Thanks for providing 324.40118(1). Which still says that it is a violation of an order, but attaches misdemeanor penalities to it, which is still not denoted in 28.425b. 
I see now by checking other threads and former questions raised about your answers, you don't like to debate. 
Sorry as I was under the impression that a forum worked that way, I see that this one doesn't.


----------



## mich buckmaster (Nov 20, 2001)

Duhunter, So what you are saying is that it is OK to be a VIOLATOR because you are just going to get a misdemeaner. That is RIDICULOUS!!!!!

Boehr, Close this BS!!!!!!!


----------



## boehr (Jan 31, 2000)

Serves no purpose to debate what the law says. If you wish to debate, go to Sound Off. I see you continue to hide in anonymity though.


----------



## boehr (Jan 31, 2000)

fatboy said:


> "You have a choice, you can go bow hunting legally and not carry your pistol or you can carry your pistol and not bow hunt"
> 
> Agreed and obeyed ! The question is what purpose does the law serve? Is this a question that could be fairly debated in this forum? Is the mindset that bowhunters will start shooting deer with there pistol? I really cannot understand the logic.


fatboy asked a legit question and I did want to answer this for him.

I can't tell you why the law came about because that law was written before my time, decades ago. I can tell you that every year, yes 'every' year, all over the state we do catch people with firearms while bow hunting.

If you were to check with some of the deer processors in your area providing they will talk with you they could tell you that they find bullets in deer that they cut up during bow season that were supposedly shot with a bow. Some of the processors in my District have a very good relationship with the local officer and provide that type of information to the officers. That is also why my officers do routine inspections of deer processors, looking for deer taken illegally, not just bullets but many different things.
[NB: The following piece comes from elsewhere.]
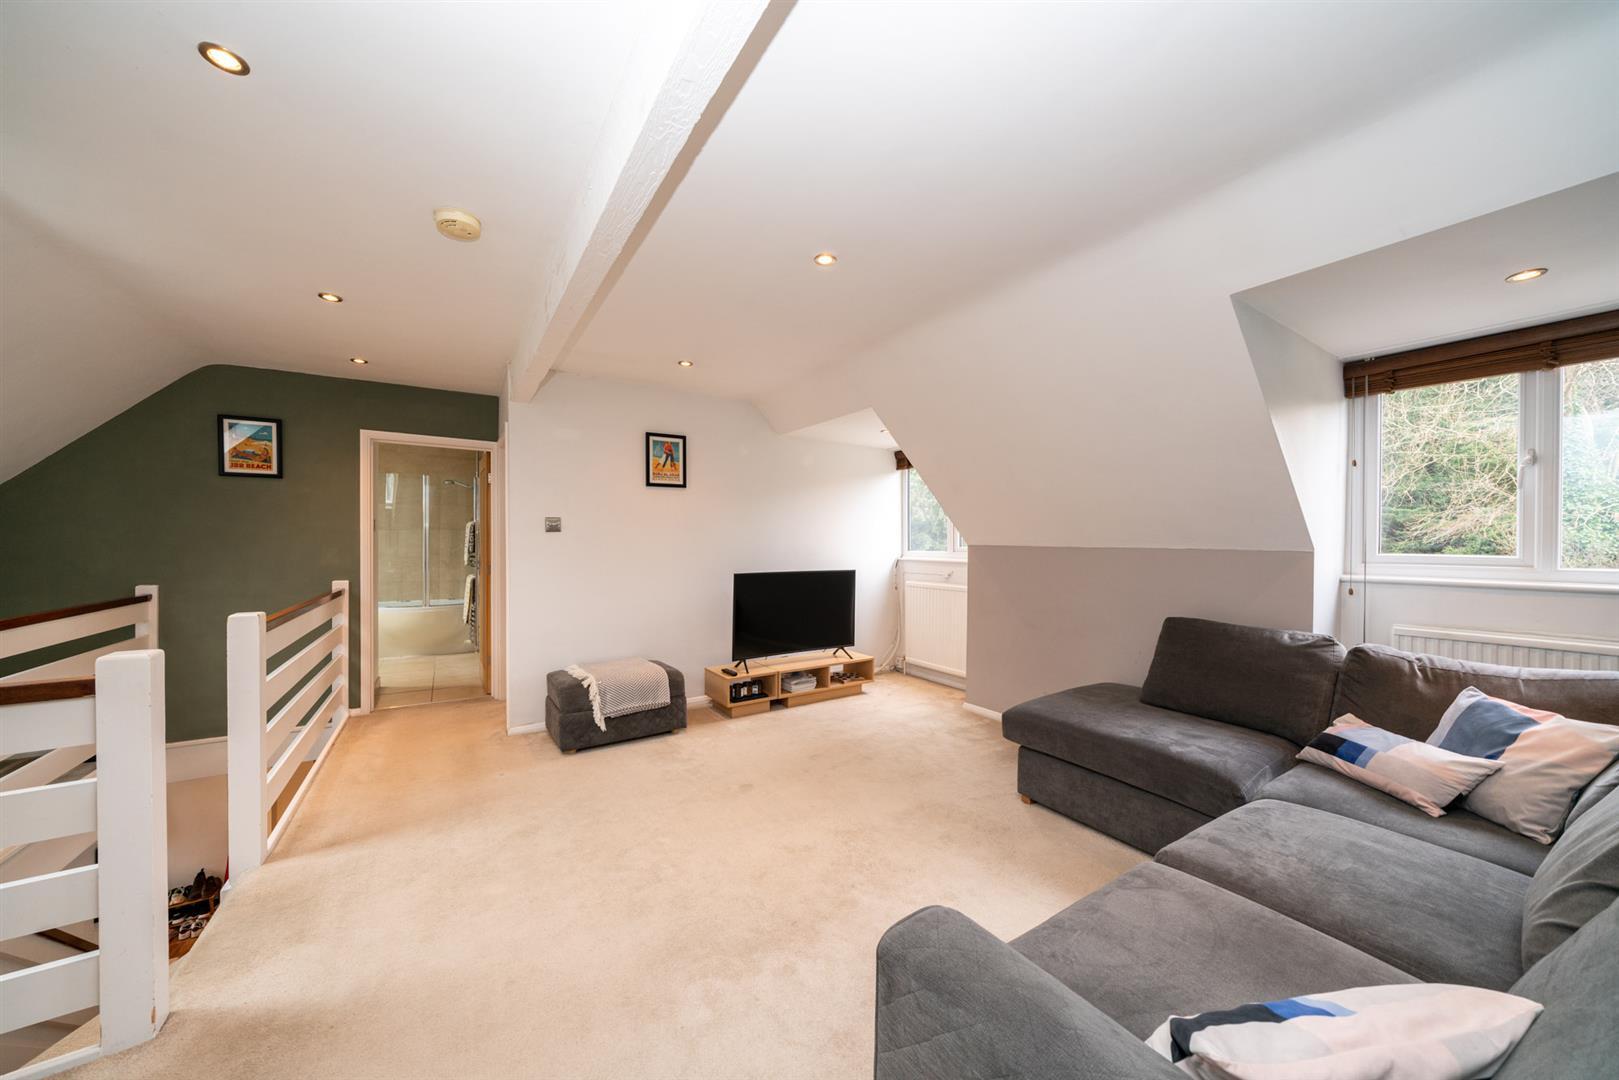 Flat-6-Ruscoe-5102 - living room.jpg

That is just from the dummies that take a deer that was poached to a processor.

The next thing is, why should it be ok for one person that has a carry permit to have a pistol while bow hunting and for a person who doesn't have a carry permit to wear the pistol exposed (wear it legally) while out bow hunting? Why don't we make it legal for a guy to take their shotgun while out bow hunting so it they see a grouse or squirrel they could shoot it with their shotgun? My main concern is, where does it stop?

Bow hunting is suppose to be a recreational activity. It has been done legally without a person having to carry a pistol for decades. Now all of a sudden, people come up with excuses like for protection from bears, trespassers, protection in general. These great hunters, that we lost so many prior to the change in the carry law, must have had one heck of a time before the change in the carry law.


----------